The circuit was chosen because almost all the parts could be taken from a computer power supply. For me this was very critical, because the nearest specialized store is more than 150 km away.
Output capacitors, resistors, and the microcircuit itself were removed from a pair of faulty power supplies of 250 and 350 W.
The difficulty arose only with high-frequency diodes for converting the voltage at the output of the step-up transformer, but here old supplies saved me. The characteristics of the KD2999V suited me quite well.
Assembly of the finished device.
I had to assemble the device within a couple of hours after work, because a long trip was planned.
Since time was very limited, I simply did not look for additional materials and tools. I used only what was at hand. Again, due to speed, I did not use the printed circuit board samples provided on the forums. In 30 minutes, we designed our own printed circuit board on a piece of paper, and its design was transferred to the PCB.
Using a scalpel, one of the foil layers was removed. On the remaining layer, deep grooves were drawn along the applied lines. Using curved tweezers, it turned out to be the most convenient, the grooves were deepened to the non-conducting layer. At the places where the parts were installed using an awl, it was not included in the photo; holes were made.
I started the assembly by installing a transformer, I used a step-down one of the blocks, I simply turned it over and instead of lowering the voltage from 400 V to 12 V, it raised it from 12 V to 268 V. By replacing resistors R3 and capacitor C1, it was possible to reduce the output voltage to 220 V, but further experiments showed that this should not be done.
After the transformer, in order of decreasing size, I installed the remaining spare parts.
It was decided to install field-effect transistors on elongated inputs so that they are easier to attach to the cooling radiator.

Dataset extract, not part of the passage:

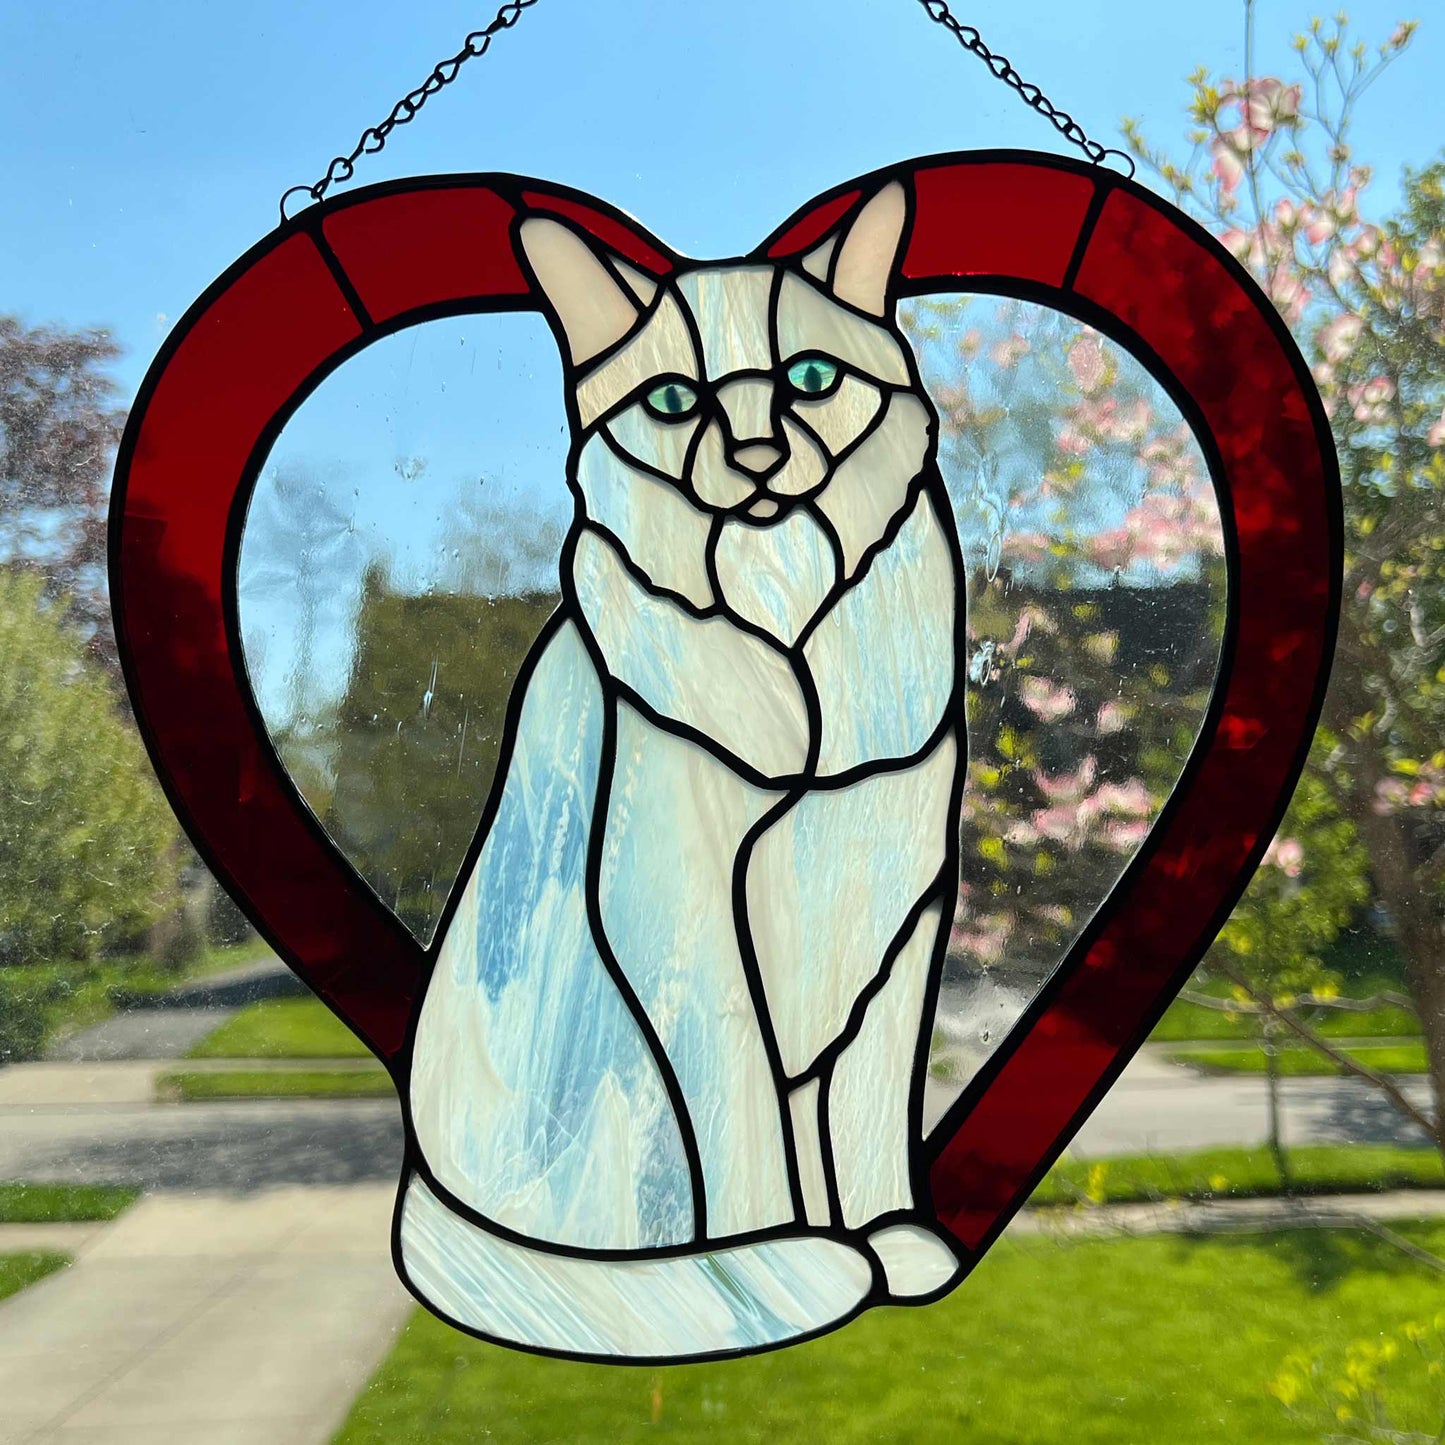 An all white stained glass sitting cat surrounded by a red heart. The glass used for the white fur is textured to resemble real fur and the eyes are an iridescent blue.  Light pink is used for the inner ear and the nose. A clear rainy glass is used between the cat and the heart for stability. This picture is the backside of the cat
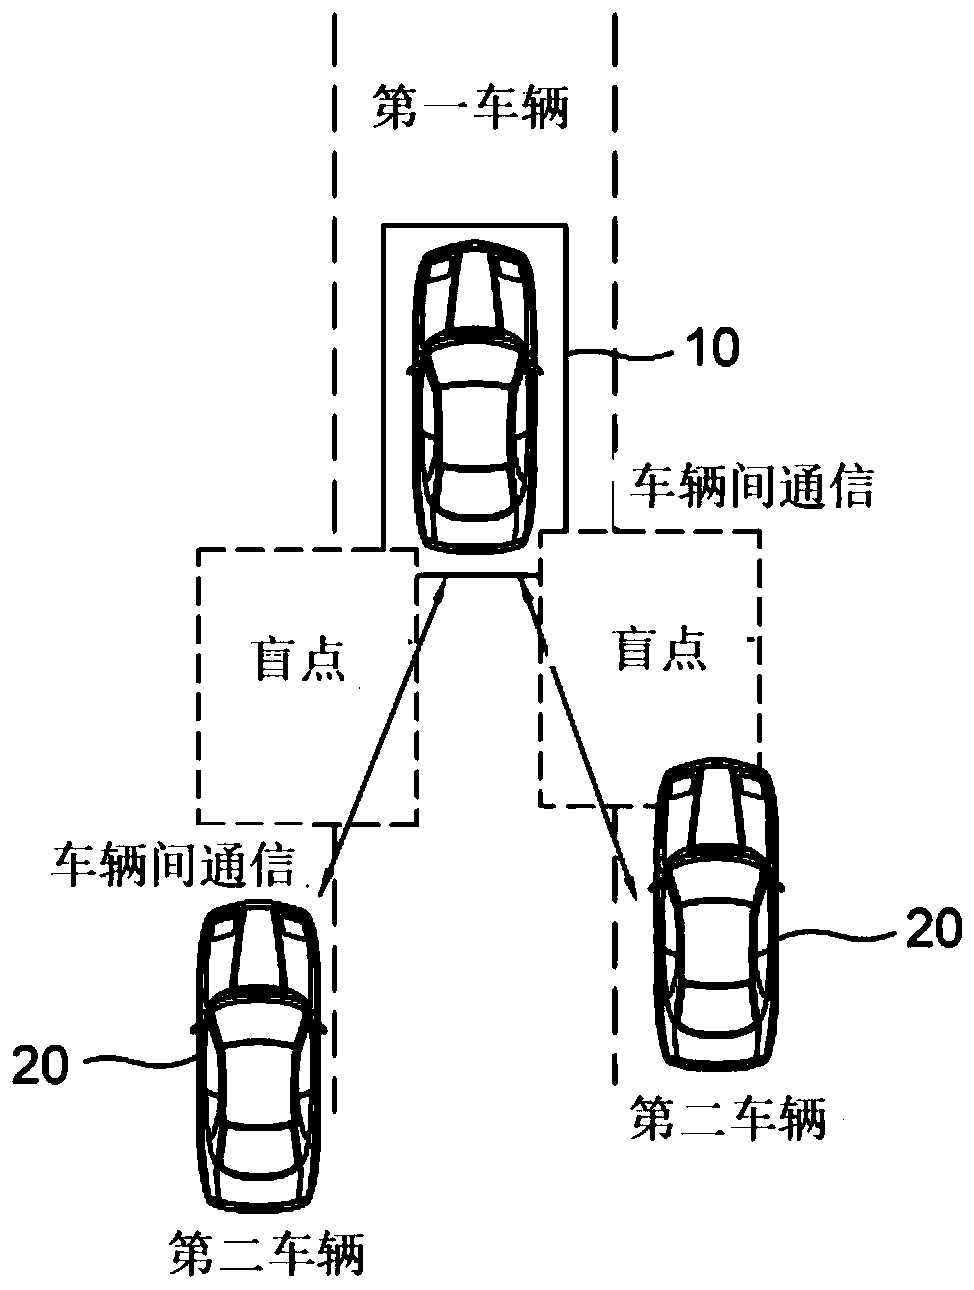 Blind spot warning method and device based on cooperation of inter-vehicle communication

The end result is this device:
All that remains is the finishing touch - attaching the radiator. There are 4 holes visible on the board, although there are only 3 self-tapping screws; it was just during the assembly process that it was decided to slightly change the position of the radiator for a better appearance. After final assembly this is what we got:
Tests.
There was no time to specifically test the device; it was simply connected to the battery from an uninterruptible power supply. A load in the form of a 30 W light bulb was connected to the output. After it caught fire, the device was simply thrown into my backpack, and I went on a business trip for 2 weeks.
In 2 weeks, the device never failed. Various devices were powered from it. When measured with a multimeter, the maximum current obtained reached 2.7 A.